[WHAT IS BEING ASKED]
Print the listing below word for word, but drop any pictures it contains.

[INFORMATION SUPPLIED]

═══

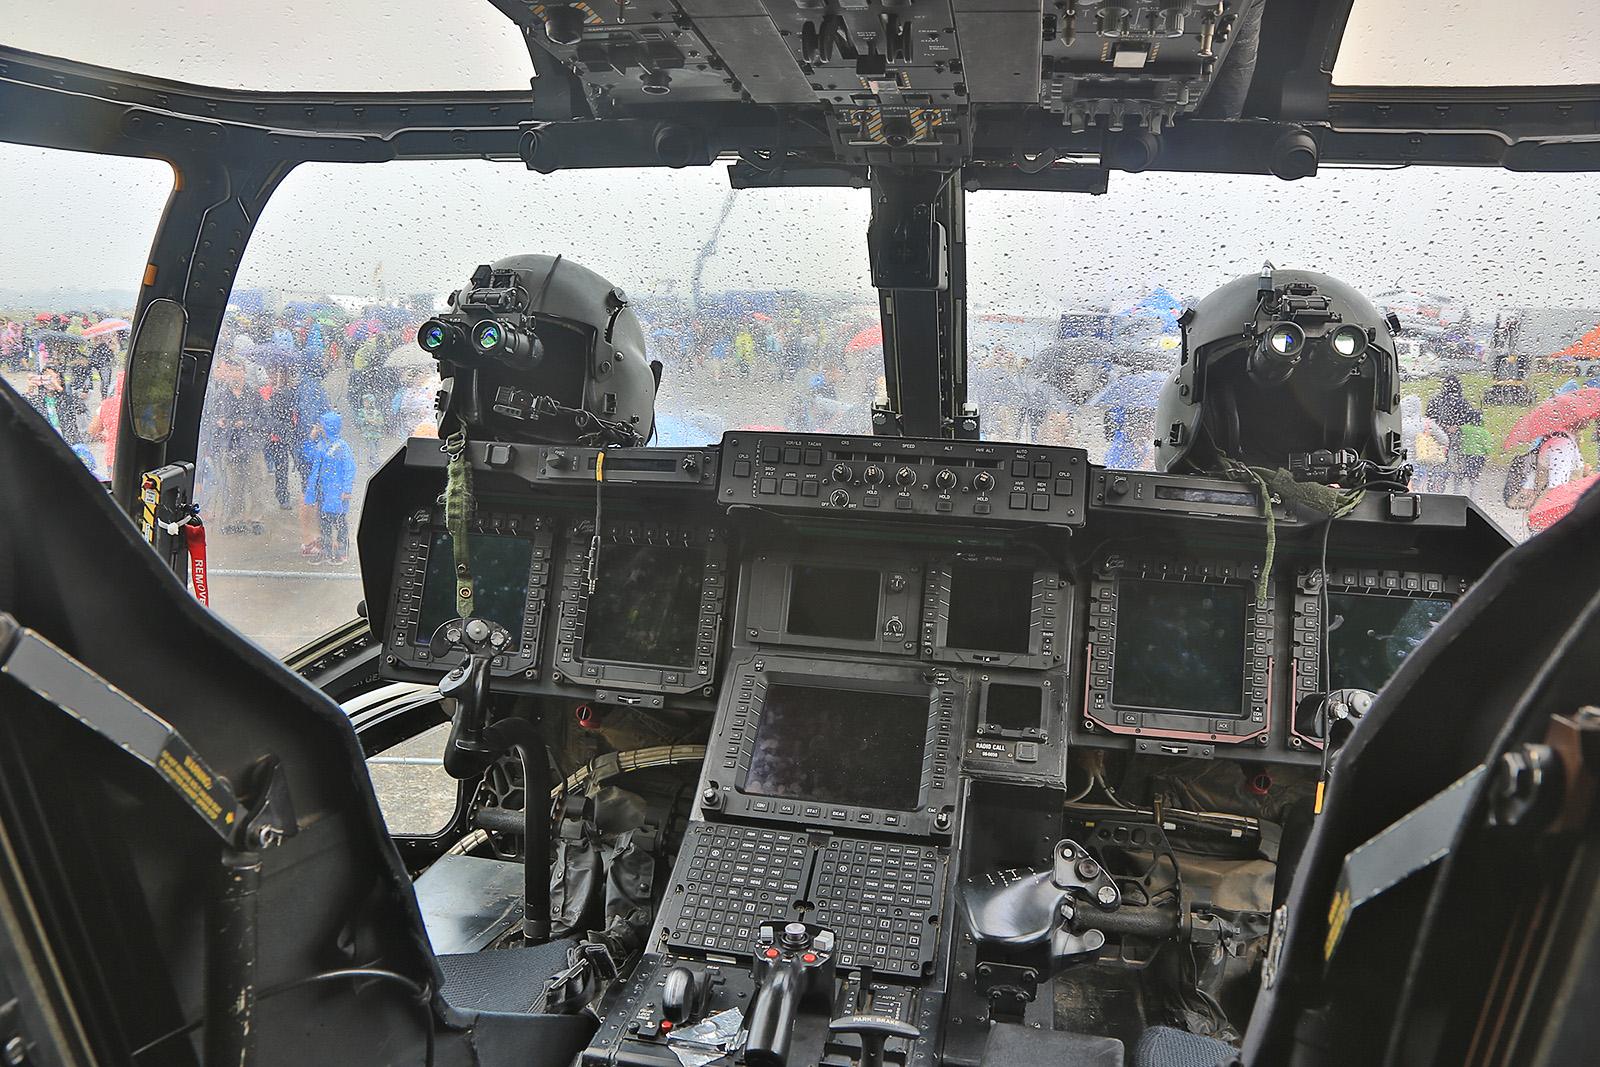 Zum Abschluss das Innere einer CV-22 Osprey der US Air Force aus RAF Mildenhall.
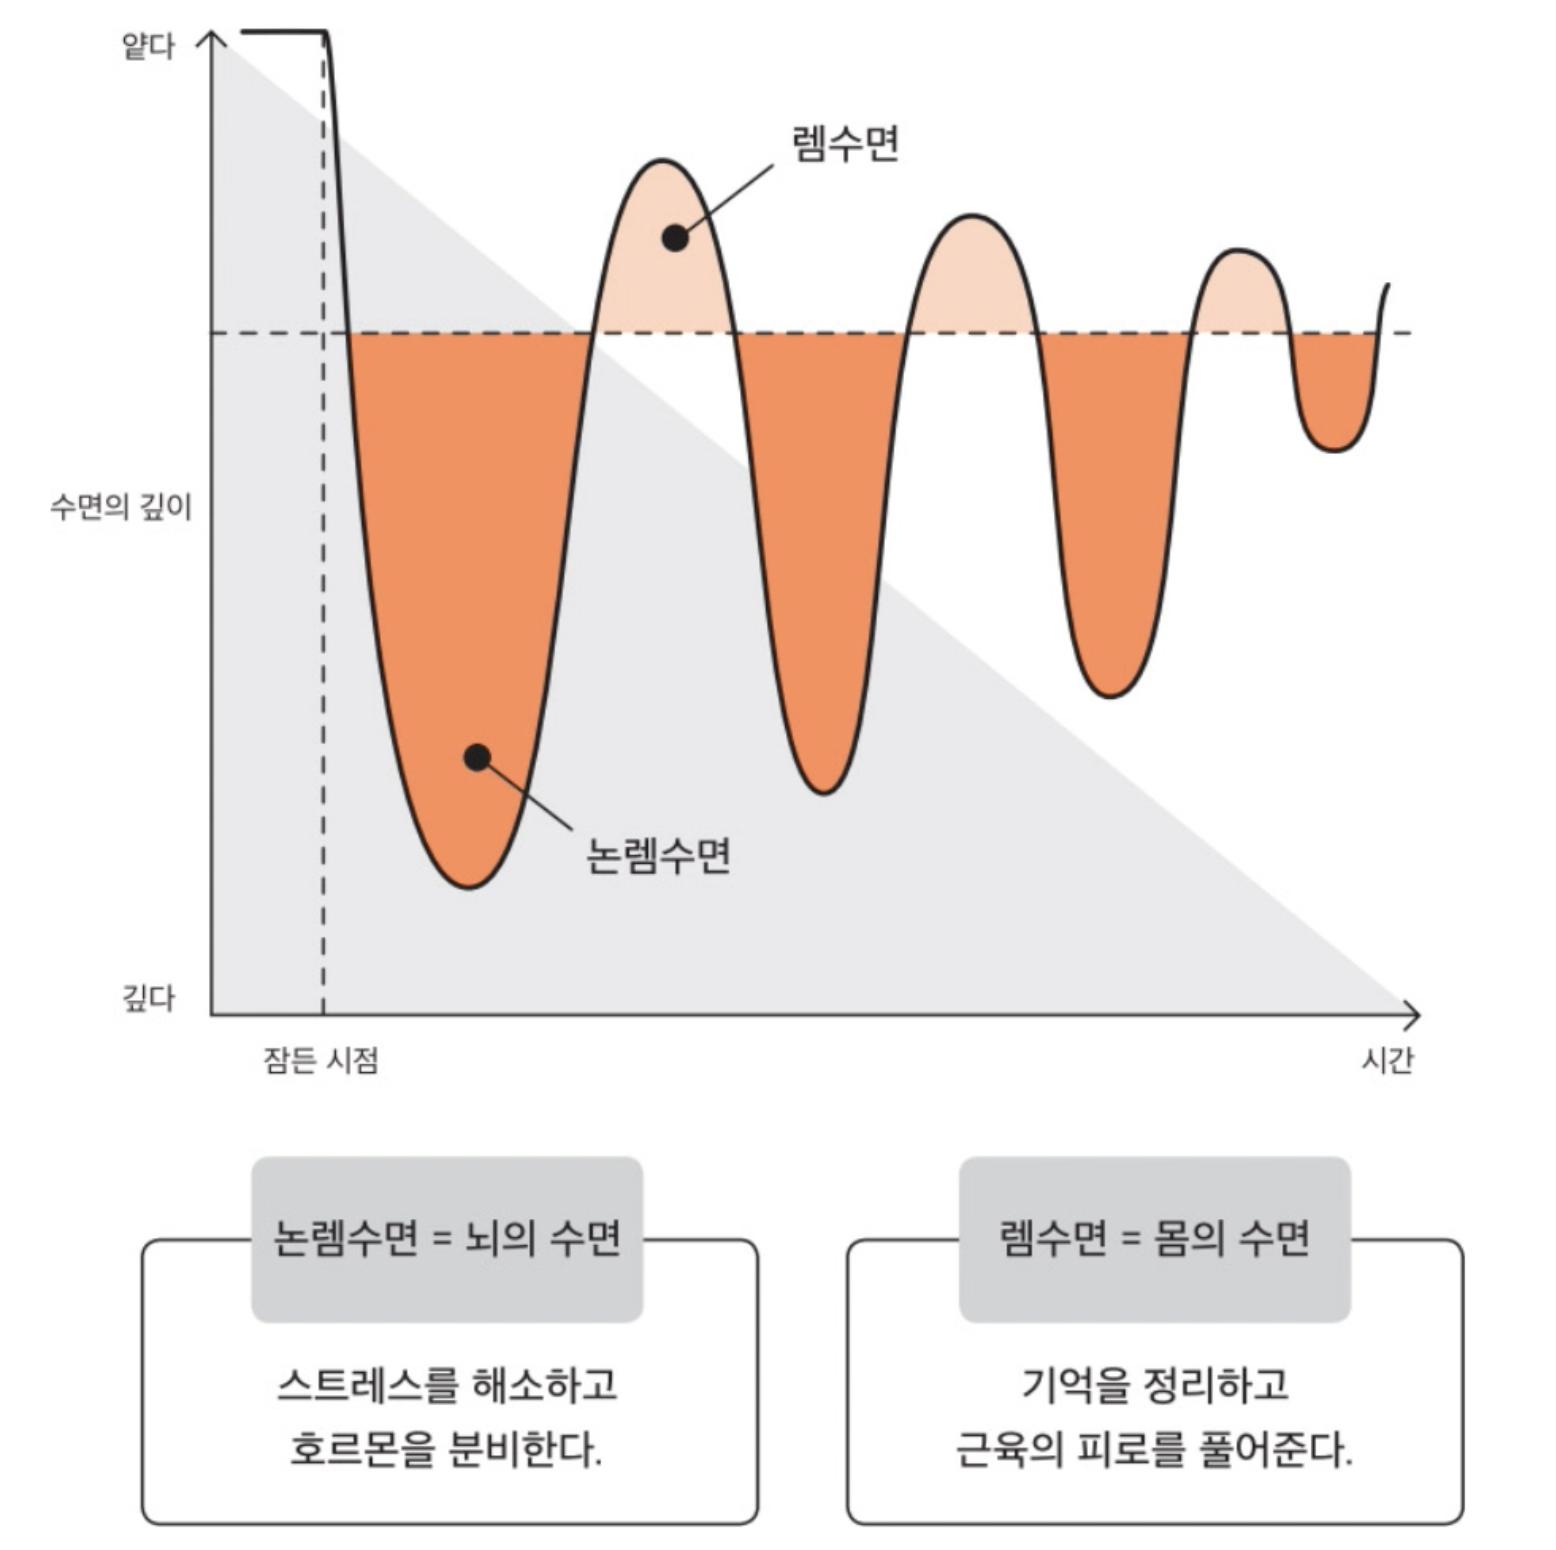 수면 싸이클
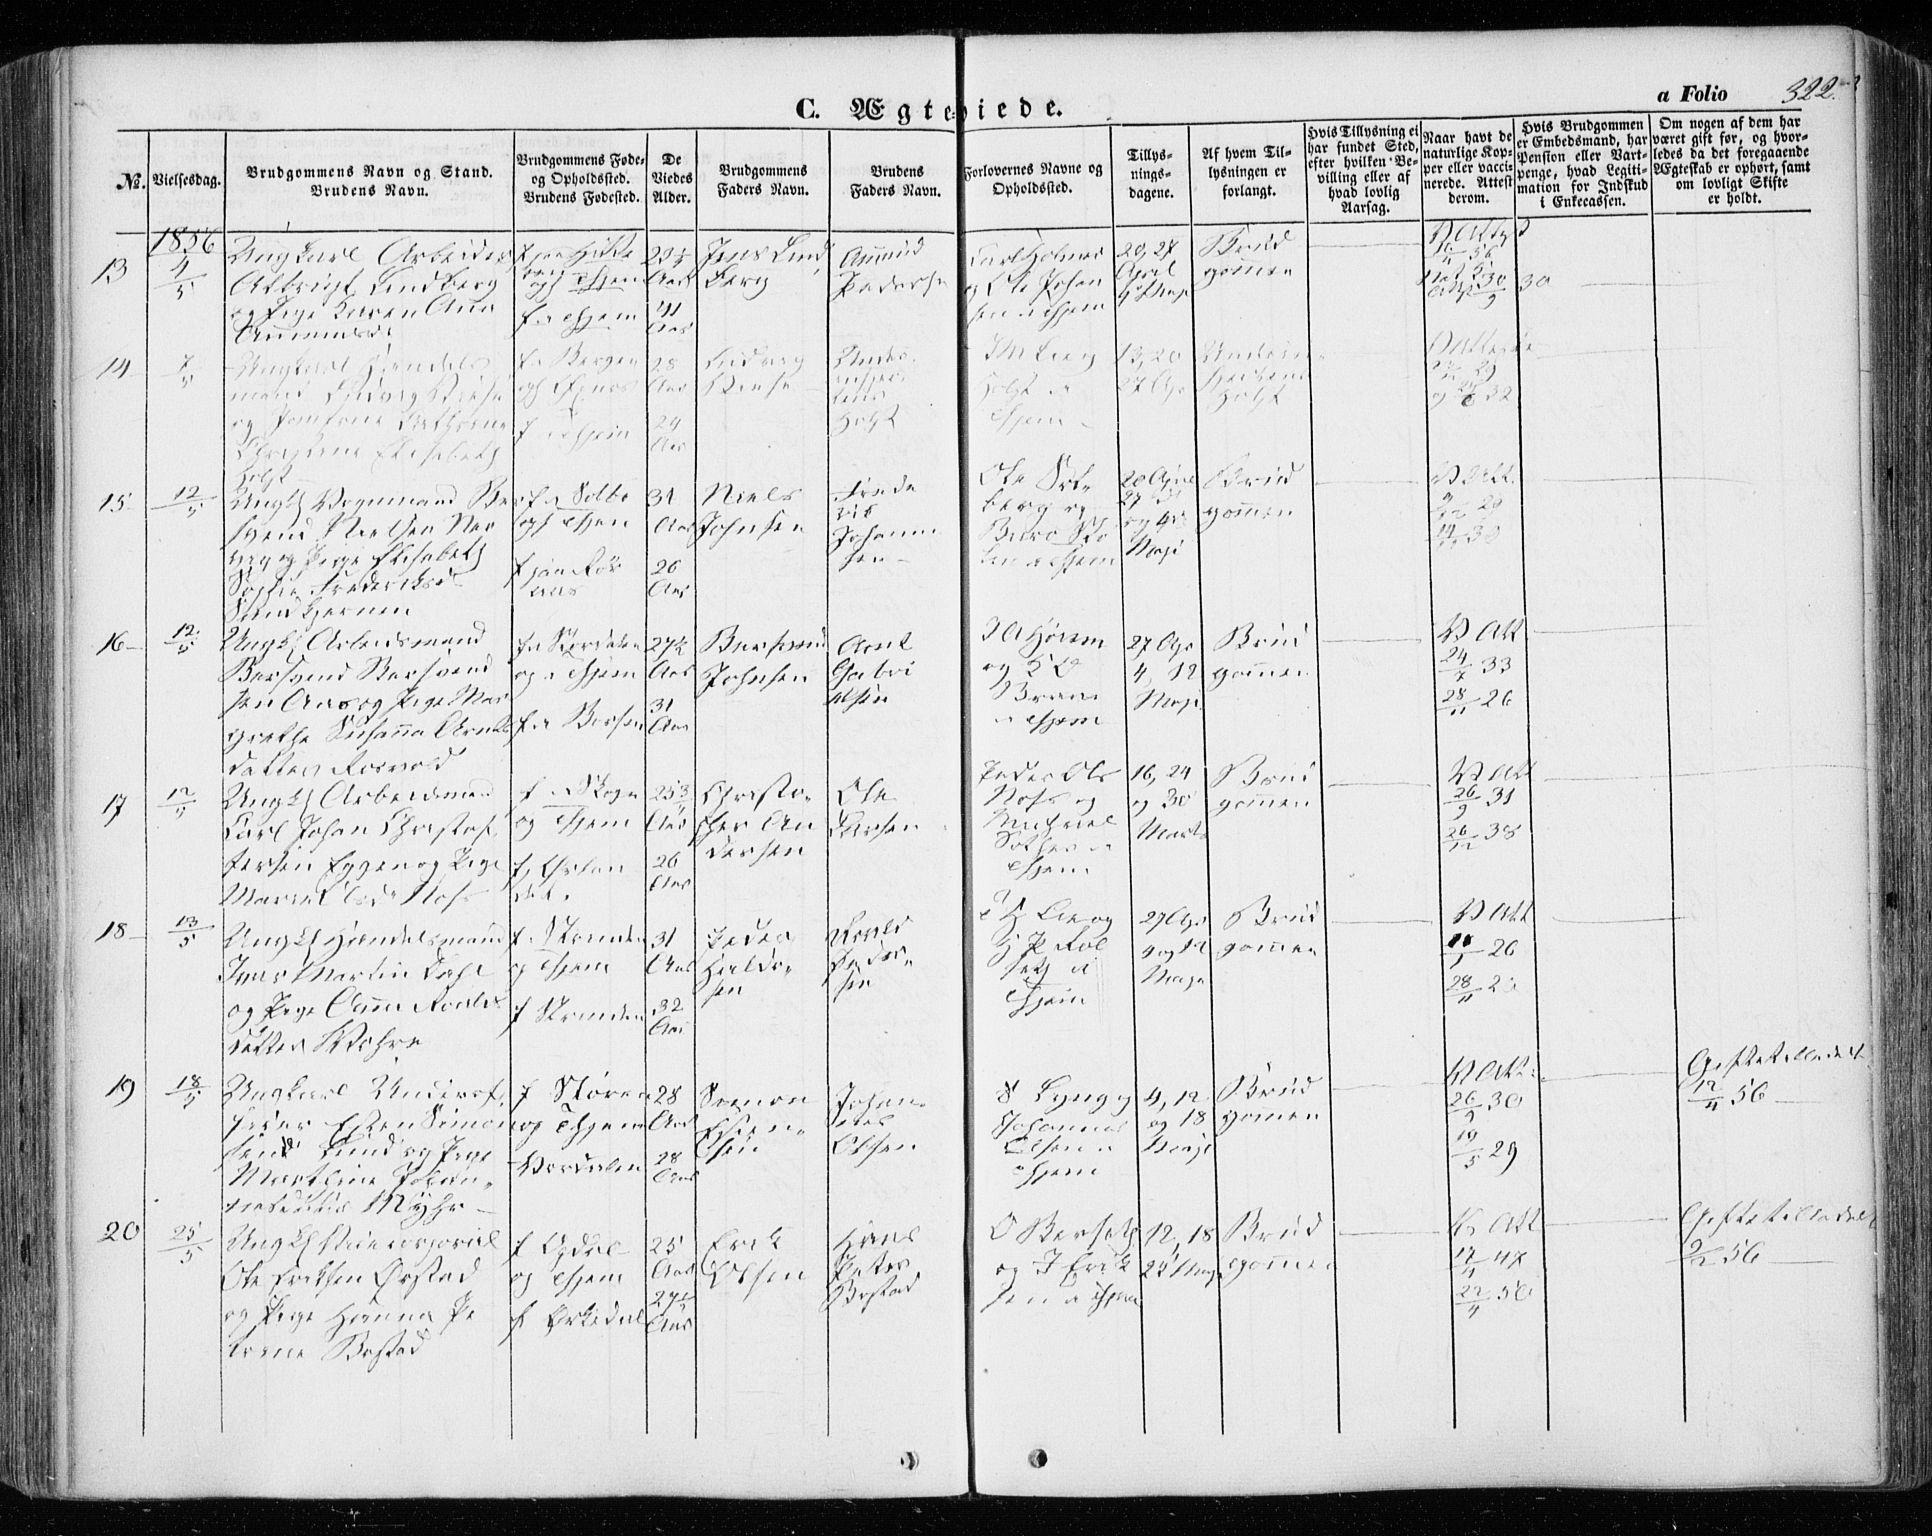 SAT, Ministerialprotokoller, klokkerbøker og fødselsregistre - Sør-Trøndelag, 601/L0051: Ministerialbok nr. 601A19, 1848-1857, s. 322
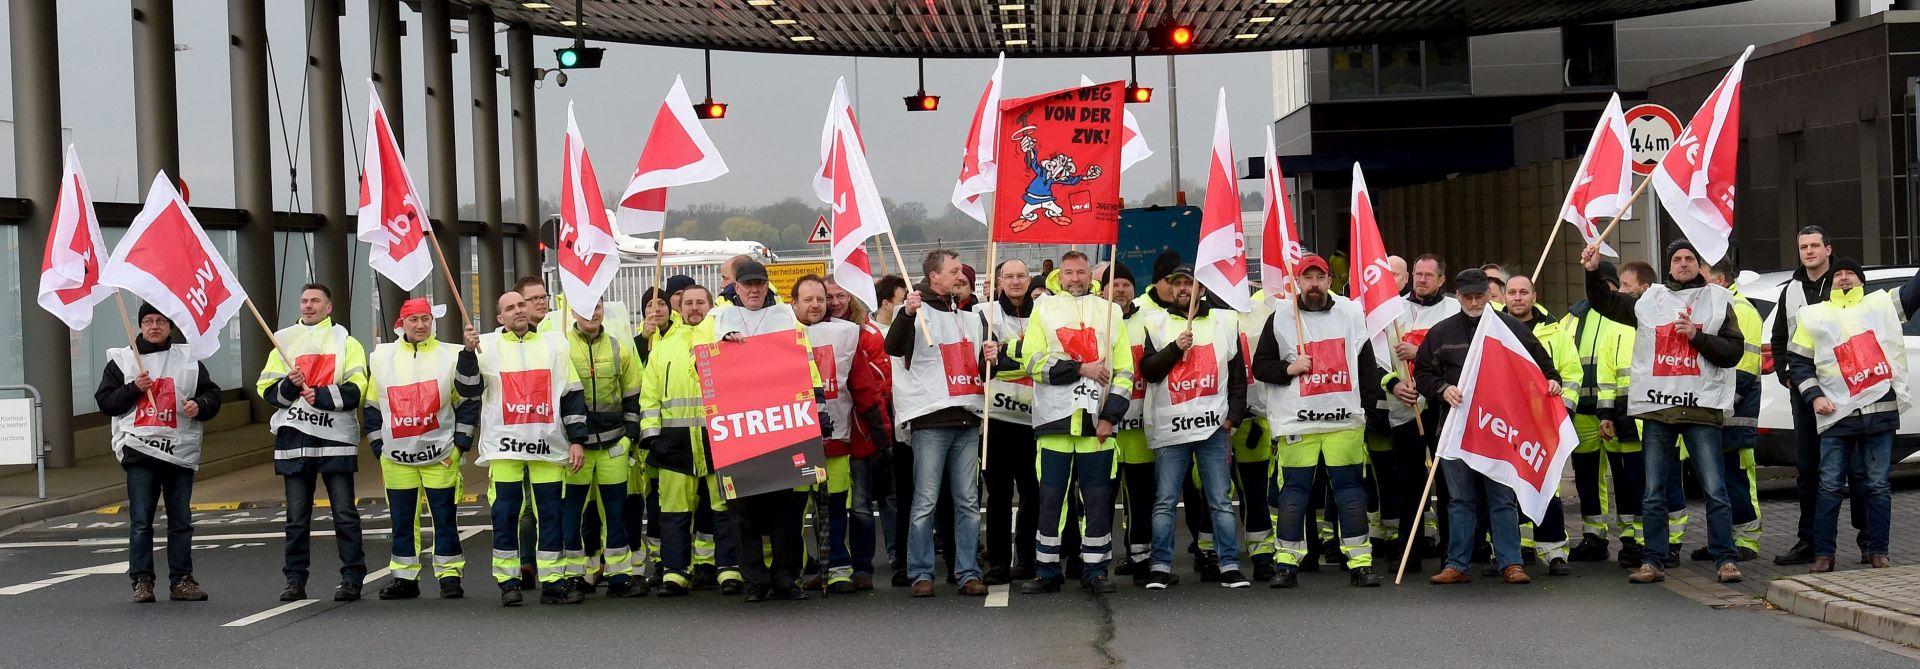 NAKON ŠTRAJKA: Dogovor o plaćama za zaposlene u njemačkim javnim službama

═══

[ANSWER SPACE]
 Zum Abschluss das Innere einer CV-22 Osprey der US Air Force aus RAF Mildenhall.
 수면 싸이클
 SAT, Ministerialprotokoller, klokkerbøker og fødselsregistre - Sør-Trøndelag, 601/L0051: Ministerialbok nr. 601A19, 1848-1857, s. 322
 NAKON ŠTRAJKA: Dogovor o plaćama za zaposlene u njemačkim javnim službama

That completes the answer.